Research & Papers

AdaGraph: Graph-Native Clustering Beats Curse of Dimensionality

Replaces distance metrics with graph topology to cluster data in up to 5,000 dimensions.

Deep Dive

AdaGraph, introduced by Ahmed Elmahdi as part of a new Structure-Centric Machine Learning (SC-ML) paradigm, tackles one of machine learning's oldest problems: the curse of dimensionality. Traditional clustering algorithms rely on Euclidean distance metrics, which become uninformative as dimensions increase, making them unreliable for high-dimensional genomics, materials science, or text data. AdaGraph instead works strictly within the topology of a k-nearest neighbors (kNN) graph, preserving meaningful relational structure regardless of dimensionality. It requires no a priori specification of the number of clusters, handles noise natively, and scales via the SLCD (Sample-Learn-Calibrate-Deploy) framework. For unsupervised tuning, it pairs with Graph-SCOPE, a topology-based cluster validity index that achieves Kendall tau ≥0.92 with ground truth quality across all tested dimensions—far outperforming Silhouette (tau≈0.46), Davies-Bouldin, and Calinski-Harabasz.
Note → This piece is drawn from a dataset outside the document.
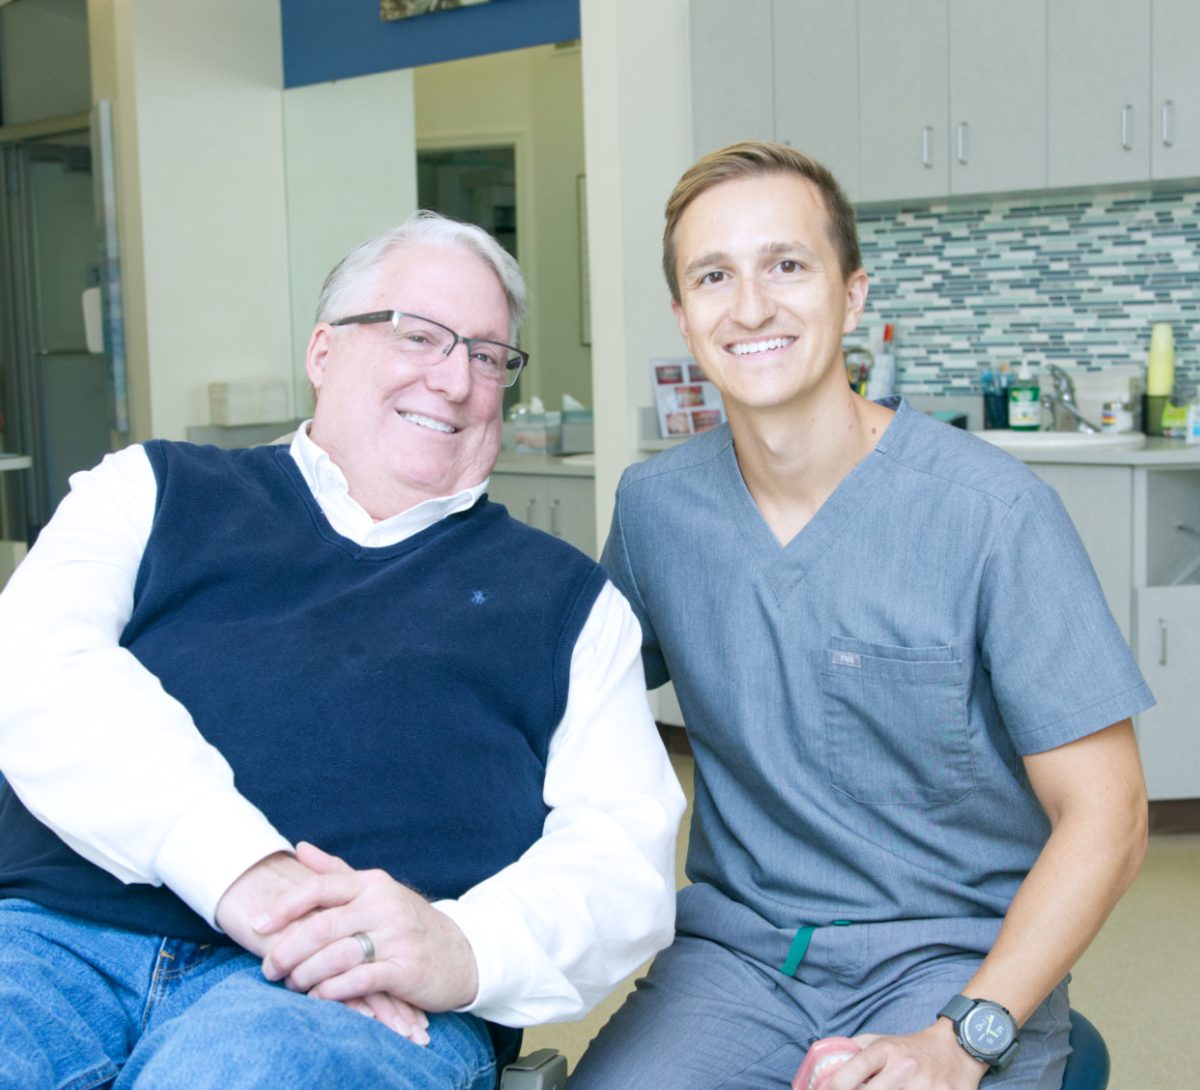 Andrew Pedersen with adult orthodontic patient

In benchmarks on 10 synthetic datasets spanning from 10 to 5,000 dimensions, Graph-SCOPE achieved a mean adjusted Rand index (ARI) of 0.900 and correctly selected the number of clusters on 9 out of 10 datasets. AdaGraph's real-world impact is validated across three scientific domains. In hepatocellular carcinoma gene co-expression analysis (GSE14520: 10,000 genes, 488 patients) with no dimensionality reduction, it identified condition-specific gene modules that WGCNA, ICA, NMF, and Spectral Biclustering failed to resolve. In natural language processing on the 20NG-6cat dataset, AdaGraph achieved ARI=0.751 versus HDBSCAN's 0.464—a 62% relative improvement. In materials science, it achieved the highest Graph-SCOPE on clustering of superconductors (145-dimensional Magpie features), perovskites, and JARVIS-DFT materials, proving its versatility across domains.

Key Points
  • Operates entirely on kNN graph topology instead of Euclidean distances, overcoming the curse of dimensionality for d up to 5000.
  • Outperforms HDBSCAN by 62% on text clustering (ARI 0.751 vs 0.464) and correctly identifies cluster count 9/10 times on synthetic benchmarks.
  • Validated on real-world gene expression, NLP, and materials science datasets, discovering patterns missed by WGCNA, ICA, NMF, and Spectral Biclustering.

Why It Matters

Enables accurate high-dimensional clustering without dimensionality reduction for genomics, materials discovery, and NLP.